10 thoughts on “Attack on the Eastern Front

  1. I would so pull out the damn oleanders. They function well for freeway medians, but that is it. There are so many other choices for screening plants that take less effort, and are not poisonous.

    Stihl is the way to go, my tool guy (I don’t know what else to call him, but somehow that doesn’t sound right) says they are the best!

  2. “Be Stihl, my heart”?

    Nah, I’m a Husqy fan, too. My neighbor used his with the tiller attachment to prepare a flower bed here, and it was absolute magic in action. I’ll end up buying the whole kit, no doubt.

    As to the *#&@ Oleanders. National Blight of Galveston. The main street here is “Broadway”, which is the southernmost terminus of Interestate 45, after it drops off of the causeway and onto the island….it becomes just another six-lane street, with a fourteen ft. wide greenbelt-median down the middle.

    Landscaped with Oak trees and….. you guessed it. Oleanders. Fact is, the olde ladies on the island even have an “Oleander Society”, dedicated to the ones in said median, for “beautification”. Of course, they grow so dense, you cannot see oncoming traffic when trying to make a left from Broadway to a side-street, from either direction.

    I would take those old ladies, and burn them upon a pyre of the dried carcasses of the evil plants that they promote, venerate and protect. They deserve it. Besides, they’re certainly heavier than a duck, too.

    Ima sip a bourbon now, to calm down and relish the vision of that brightly burning bonfire of busybodies. Even if comforts nothing more than my imagination.

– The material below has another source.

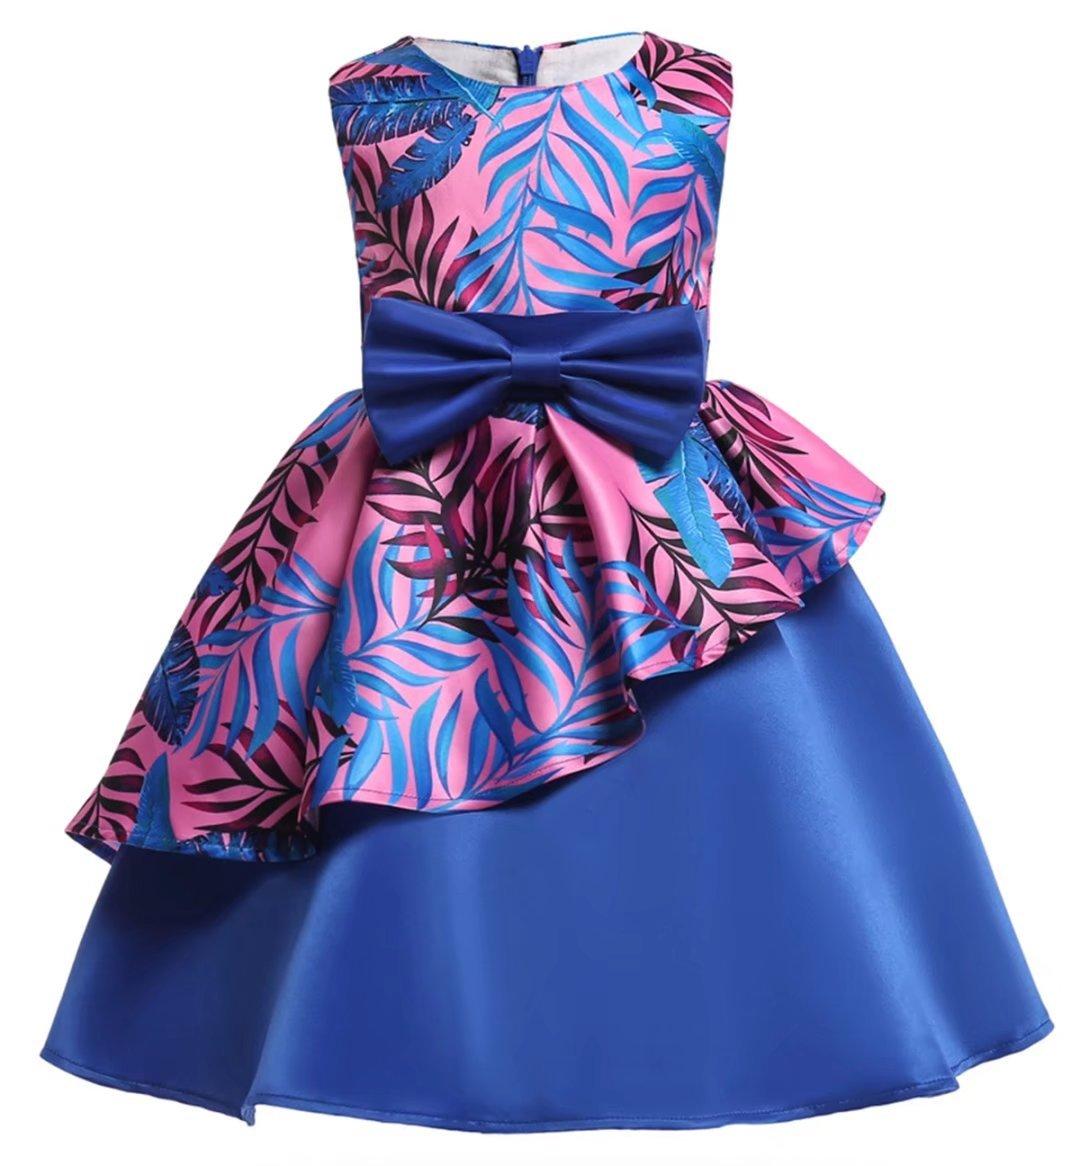 AYOMIS Litter Big Girl Flower Dress Princess Bow Party Wedding Tutu Gowns(Flower-Blue,4-5Y)

    Oh, and I’ll stay well upwind of it, of course. But I’ll tell all my liberal neighbors how good the smoke smells, downwind. *evil grin*

    Jim
    Sunk New Dawn
    Galveston, TX

    • Early reports (very early) are of a body of folk who used Oleanders branches as skewers for their cook-out, all died. I’ll join you in a sip to mutual hatred of a Highway Department, Cal-Trans shrubbery, but it will never die, it’s too useful and grows easy (invasive) and even the Sierra Club and other (or especially) regional groups won’t go against oleanders.
      They would rather dump necessary water to preserve a useless bait-fish.
      I was once tasked (by friends) to cut-down bushes at their home. The oleander hedge ran the entire length of the 40-foot driveway, some 16-fet tall, an I asked how-much of the stuff I should cut back. SHE said NONE! OK…
      Later in their bathroom I noticed a bottle of perfume: “White Oleander.” Meh. My nose isn’t bad, and I could attest in court that there is absolutely no similar scent relationship to the plant itself.
      ONLY good thing I have to say about THAT CRAP PLANT, is that ONCE, IN THE RAIN, a 16-yr. old girl-nitwit driving an expensive family sedanb, ZOOMED out in front of me (in an old Toyota pick-up truck), crossing three lanes of traffic on a trajectory to absolutely NAIL me… So I hit the brakes to avoid her, and spun off into a stand of railroad-side OLEANDERS – it swept me up-into them, and didn’t damage the old truck. She looked confused and just drove off.
      More, “Tales of Olde Palo Alto”…

  3. Oleander is Evile(tm). I thought I was finally rid of the stuff by moving to Minnesota, but some people here actually sell the thing as a houseplant. (Comment found in a U. of Minn article about toxic plants in reference to oleander: “Signs and effects of toxicosis: Animals may be found dead.”)

    I recommend napalm, but it does have the occasional drawback.

    • My brother was visiting yesterday and claimed that as a child I ate some oleander and, “He thought I was gonna die”…! I ate a lot of stupid stiff as a kid including mud (one bite and you realize it has way too much “tooth”), tar from the roof (kinda like gum!), and…things that prepared me for a life overseas eating disgusting food, but I’m pretty sure I didn’t chow-down on any Oleander. Might have been Pittosporum though…

  4. to us foreigners those oleanders look pretty exotic. by coincidence I’ve been looking at husqvarna multi tools and wondering why I bought single tools in the past.

    • Are the multi-use tools a recent development? Now I’m goign to have to compare Stihl and Husky prices!
      I think of Oleanders as a Highway-Department plant, and they are poisonous so that’s pretty exotic!